Some of these protective or curative rites had their place in the annual cycle of the seasons, when a particular disease, like smallpox (Wadley 1980:37–38, 42–43), or when snakebite (Eck 1983:264), was most feared. But the annual cycle was interrupted or punctuated by the greater calamities of major epidemics when special measures were employed. On such occasions in eastern U.P., "scapegoats" were used to drive out epidemic disease, or offerings dedicated to a disease deity were passed on from village to village in the hope that the pestilence would move away with them. Sometimes as much noise and clamor as possible was made in a bid to scare off the demon of disease (North Indian Notes and Queries 1891, I (6): 111, 119; I (8): 127; Crooke 1968, chap. 3). Disease-driving rituals at times occasioned local clashes, for the inhabitants of contiguous neighborhoods did not always take kindly to the disease deity or demon being driven into their territory. On the night of March 10, 1901, as the plague epidemic closed in on Banaras, gangs of "rowdies" gathered in Dashashvamedha and Sigra in the south of the city to repulse the "scapegoat" of the disease driven out from Chaitganj (Bharat Jiwan [11 March] in SVN for 1901).
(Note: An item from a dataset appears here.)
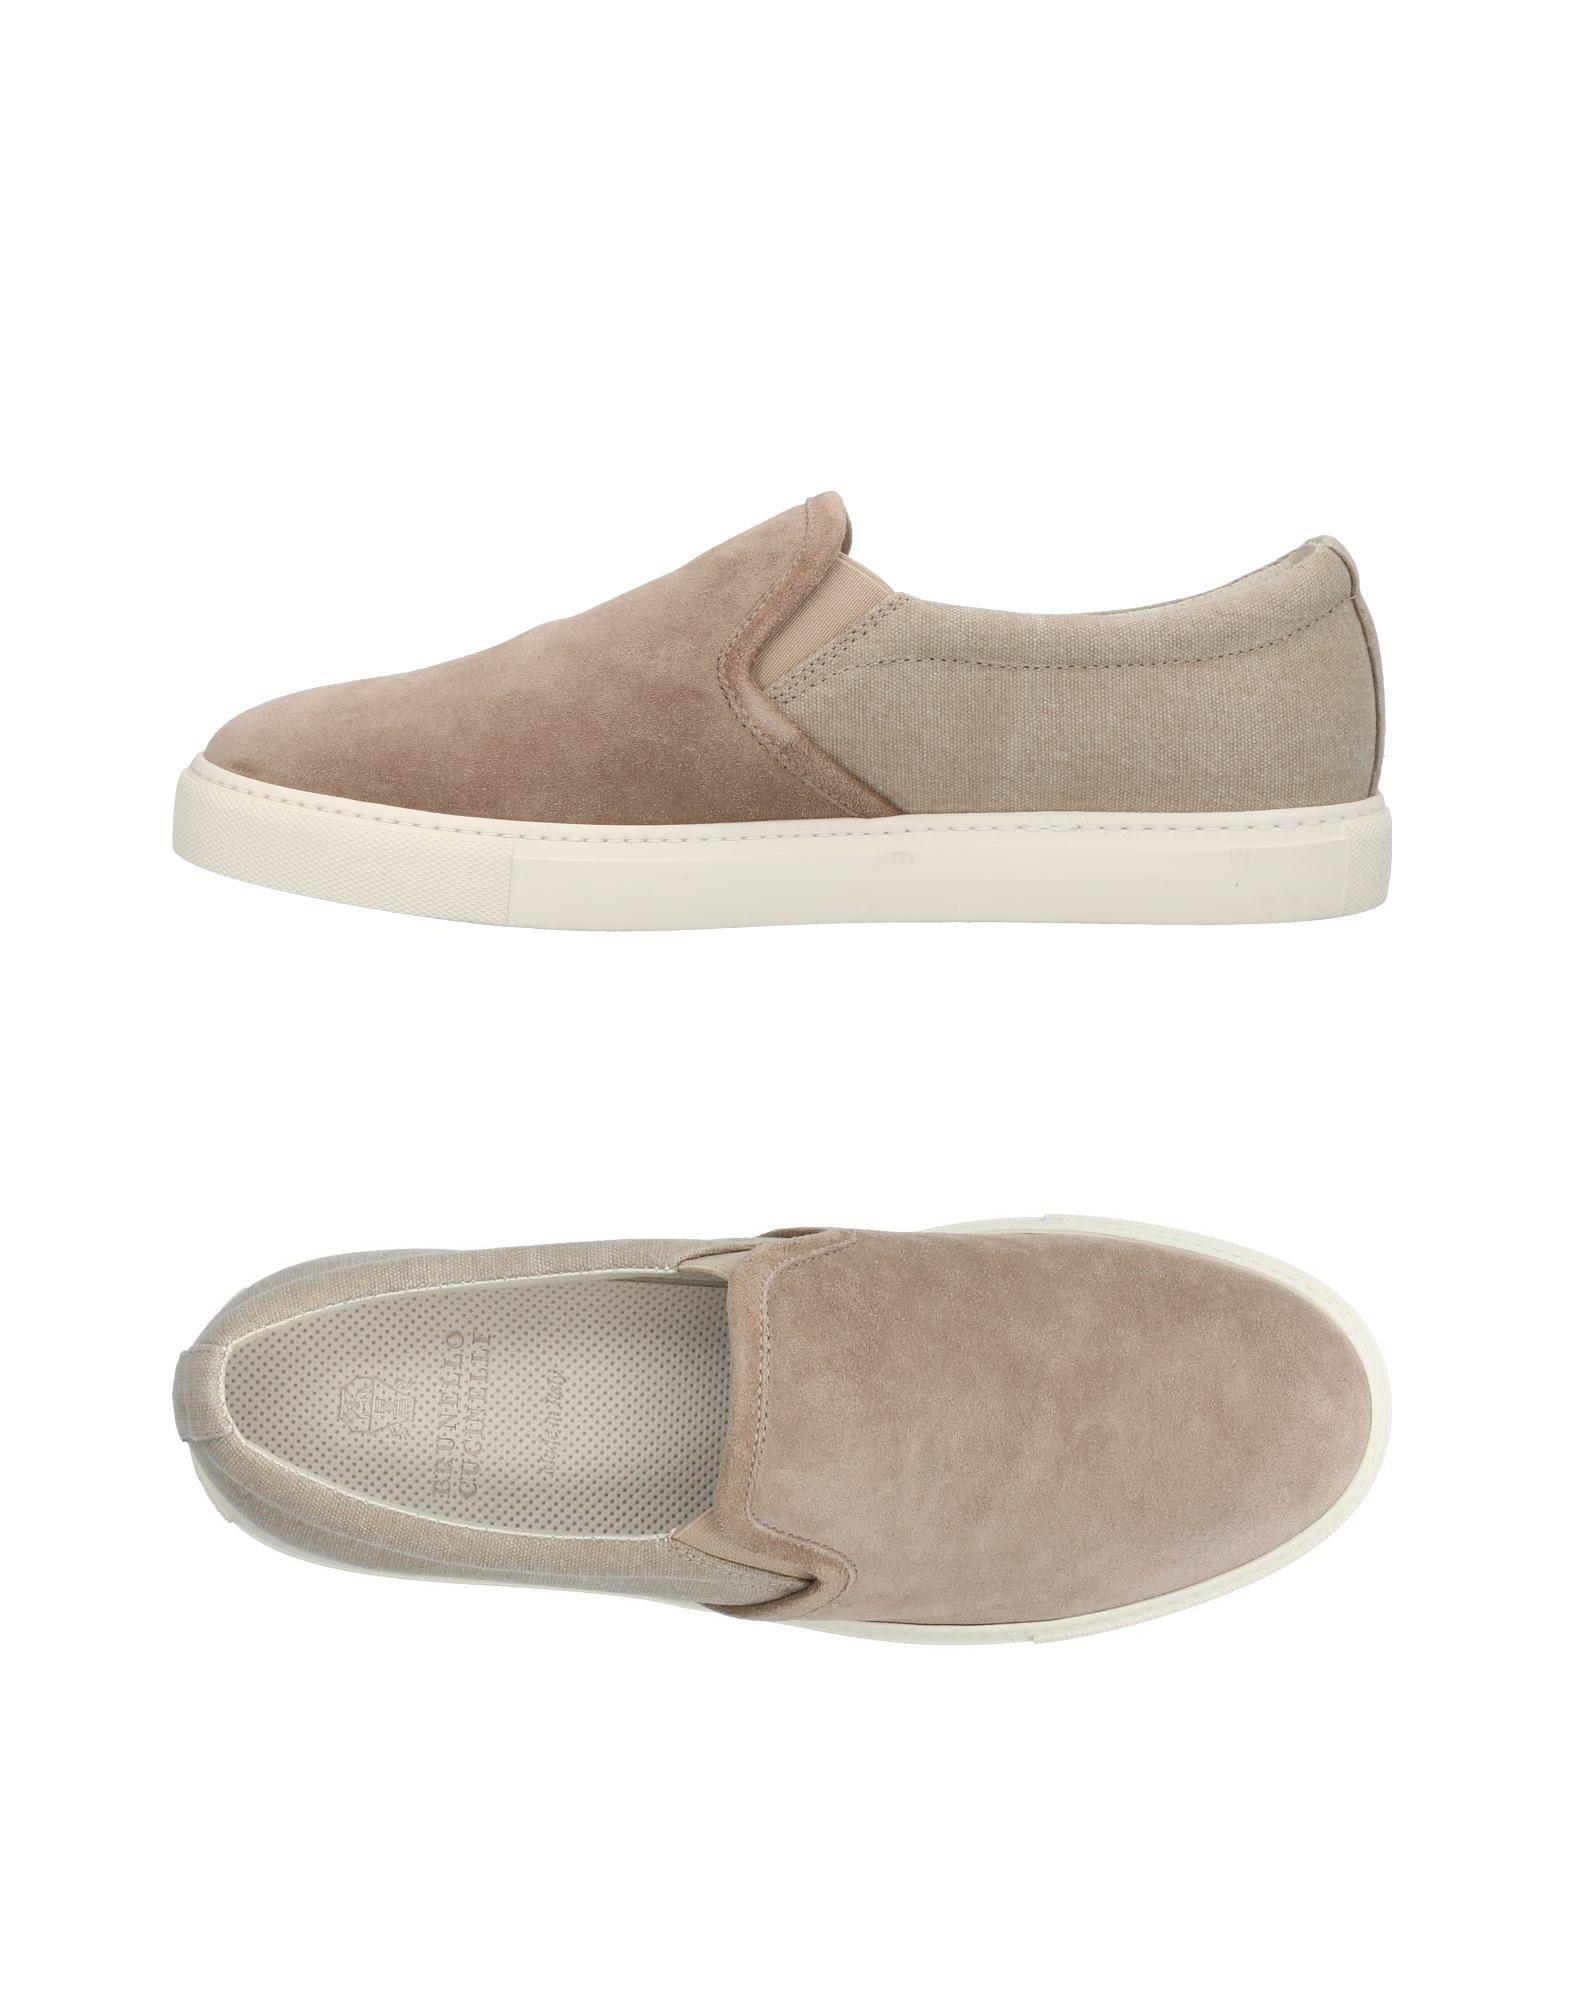 Brunello Cucinelli Sneakers Herren  11397172WX Gute Qualität beliebte Schuhe

Such rituals gave emphasis to the continuing gulf between popular Indian beliefs concerning disease and the ideas held by the colonial administration. The depth of that divide, and its political as well as cultural connotations, was further exemplified by the rumor widespread in Banaras and other towns of northern India at the time that the British were deliberately spreading the plague through the poisoning of the municipal water supplies in order to rid themselves of a troublesome populace or to break down caste and religion (Kalidas [2 June] in SVN for 1900). But it is also indicative of the variety of responses provoked by epidemic disease that other Hindus and Muslims offered up prayers for protection in the city's temples and mosques and that the editor of the Banaras newspaper Bharat Jiwan turned to the Ayurveda
to find sanction for the British policy of evacuating infected towns and villages (Bharat Jiwan [11 March] in SVN for 1901).